Born in Philadelphia and raised in New Jersey, McConnell was attending Goddard College in Plainfield, Vermont when he began playing with Phish – initially as a friend and guest in the spring of 1985; soon in the defining quartet with singer-guitarist Trey Anastasio, drummer Jon Fishman and bassist Mike Gordon. McConnell's senior thesis at Goddard, published in 1987, was titled "The Art of Improvisation" – which, of course, became Phish's jubilant specialty.
"So much of what we do in our improvisations is go for these peaks," he explains. "You can feel them, the waves starting to crest." But on Maybe We're the Visitors, "I wanted more of a constant energy – bubbling along, not necessarily realized.

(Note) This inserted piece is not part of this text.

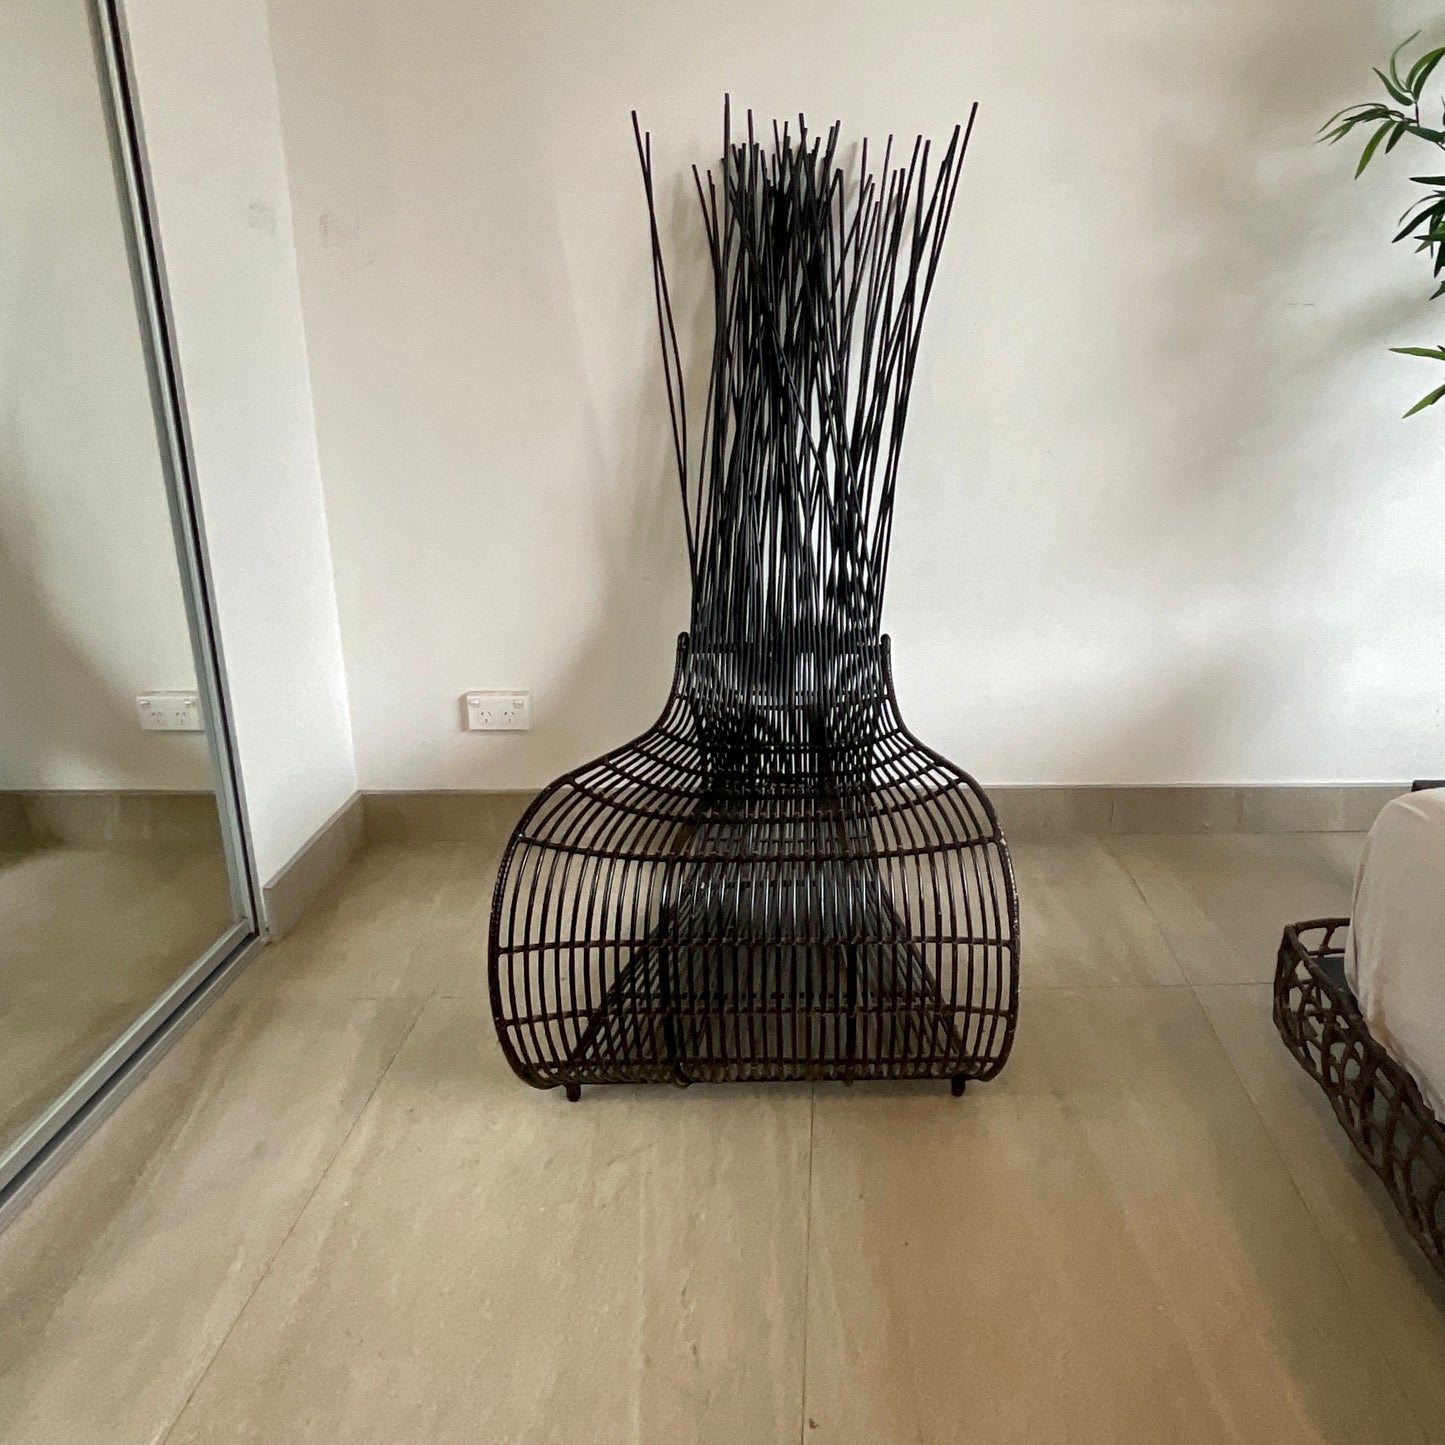 Yoda Chair by Kenneth Cobonpue (2 available)

And if it is, you're paying attention in a different way."
"Passage," for example, is three minutes of streaking light with no stated rhythm but a steady, implied momentum – "this journey of nothingness," as McConnell puts it, "like you're in a shuttle craft over one of Jupiter's moons." Other pieces such as "Terra Incognita," "The Settlement" and "Sea in Stone" have decisive undertows grounded in McConnell's lifelong passion for the funk, blues and jazz of New Orleans, especially his 21st Century side trips in Vida Blue – a trio with Crescent City drummer Russell Batiste and Allman Brothers Band bassist Oteil Burbridge – and the Meter Men, an R&B powerhouse featuring guitarist Leo Nocentelli, bassist George Porter, Jr. and drummer Zigaboo Modeliste of the original Meters.
"Getting to play with those guys had a big impact on me," McConnell says gratefully He also credits another, surprising inspiration here, the American abstract painter Ellsworth Kelly: "I was looking at some of his pieces – simple two-or-three color things. That's all they were. I'd think, 'These big chords, like rich colors playing off each other – that's enough for this track.'"
The narrative flow of Maybe We're the Visitors – exploration, colony and, finally warning; that, as Icelanders already know, we are only stewards here and nature always has the last word – did not present itself "until I was close to the end," McConnell confesses. "But I always knew there was something alien about these pieces" – like the hint of another presence in the long dub-reggae swim of the title track. "It feels like there is something going on in the background – this guy talking to you, trying to communicate through all of this."
That, ultimately, is McConnell himself. "I don't work fast," he says. "Trey can write ten songs in a weekend. I just keep going until I reach critical mass: 'There's a record.'" But McConnell can hear the future waiting in Maybe We're the Visitors, the sound of "a big door opening up. As Phish, we're all working on music, and we never get to play all of it because there just isn't time. I love it and can't wait to get back to it.
"But to be able to do this too is exciting. It is so personally fulfilling – and I don't need anybody else to do it."